The Pros Outweigh the Cons Pros:

  • Unmatched privacy features
  • Clean, user-friendly interface
  • Relevant, high-quality search results
  • Useful Bangs and Instant Answers features
  • Fast performance
  • Handy mobile apps and browser extensions

Cons:

  • No personalized search results (which I’m okay with for the added privacy)
  • Occasionally misses some obscure results that Google finds
  • Doesn’t have some of Google’s more advanced features

DuckDuckGo Alternatives

DuckDuckGo Review: Is It Ready For The Big Time? Pin

DuckDuckGo isn’t the only privacy-focussed search engine in town. You also have Brave to consider. And while I do love DuckDuckGo, I have now switched over to Brave browser full time, although I still run either DuckDuckGo or Bing for my search results. 

You can read more about the pros of the Brave browser and its approach to building a truly secure and private search engine inside our Brave content hub – it is well worth checking out, Brave is a super interesting company. 

The Bottom Line

DuckDuckGo Review: Is It Ready For The Big Time? Pin

After using DuckDuckGo extensively for the past few months, I can confidently say I’m a convert. The privacy features alone are enough to make me stick with it, but it’s also just a really great search engine overall.

I don’t feel like I’m sacrificing anything by using DuckDuckGo.
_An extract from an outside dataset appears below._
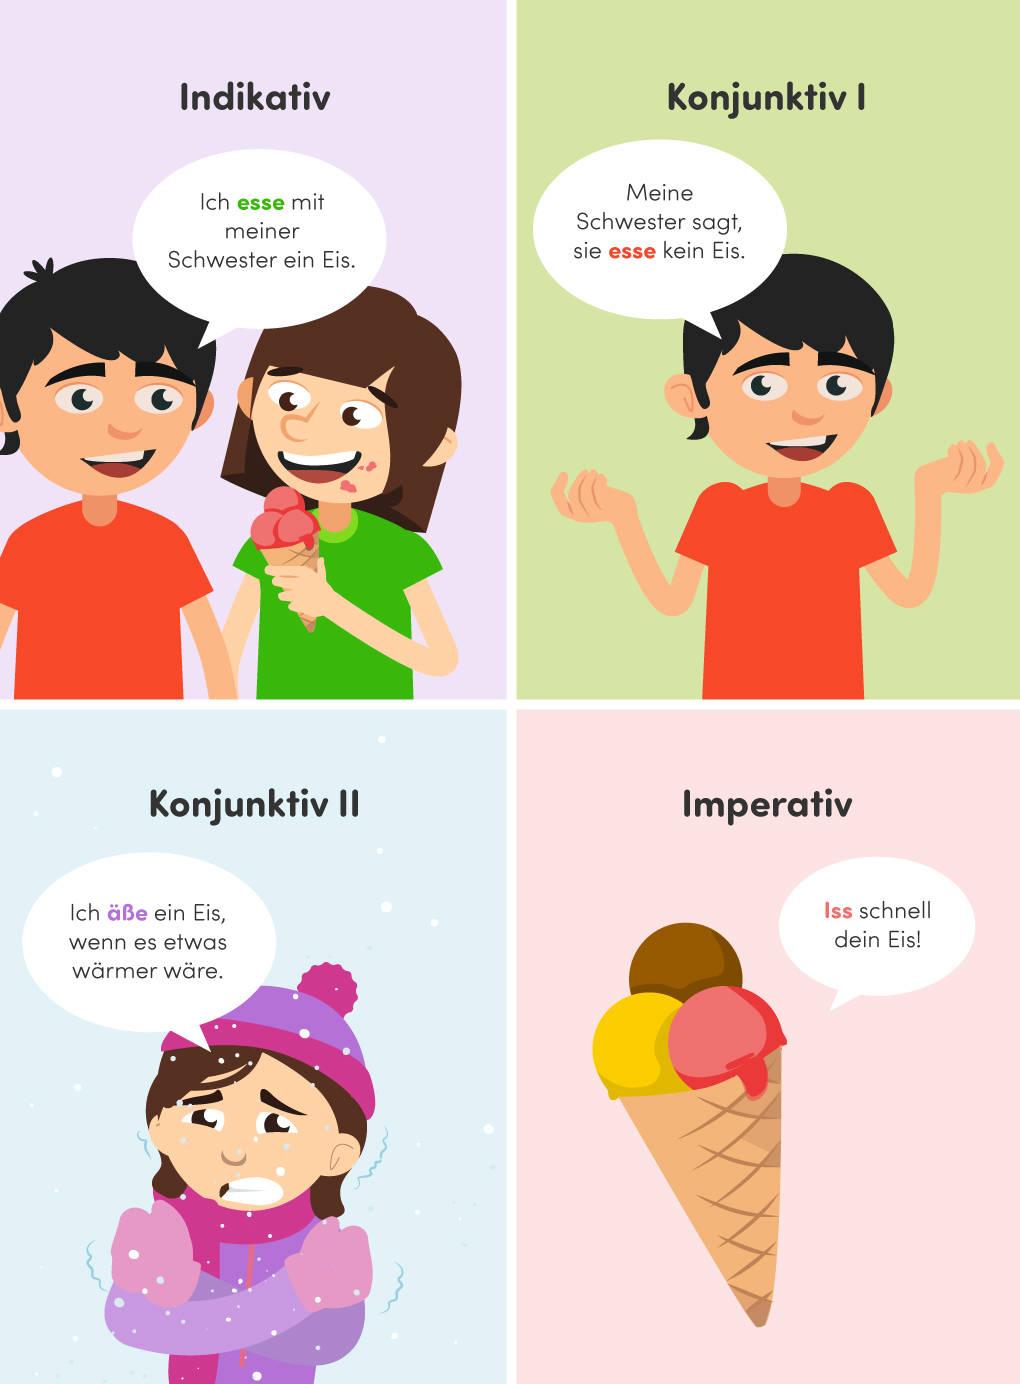 indikativ-konjunktiv-imperativ

The search results are great, the user experience is top-notch, and features like Bangs and Instant Answers have become indispensable to me.

Generally speaking, I do use Brave browser more these days. But that’s because I just prefer how the app – both the desktop and mobile versions – work; Brave is just incredibly fast and is more efficient on CPU and memory.

And I’m also madly collecting BAT in the hope that it one day has a mad rush in value. 

I do use a combination of DuckDuckGo’s search engine, Brave’s and Bing inside Brave though, depending on what I’m doing. I tend to use Bing for more work-related stuff and DuckDuckGo for casual / personal searches. 

What’s the takeaway here? Mostly that I completely removed Google from my (search) life, so you can probably do the same too.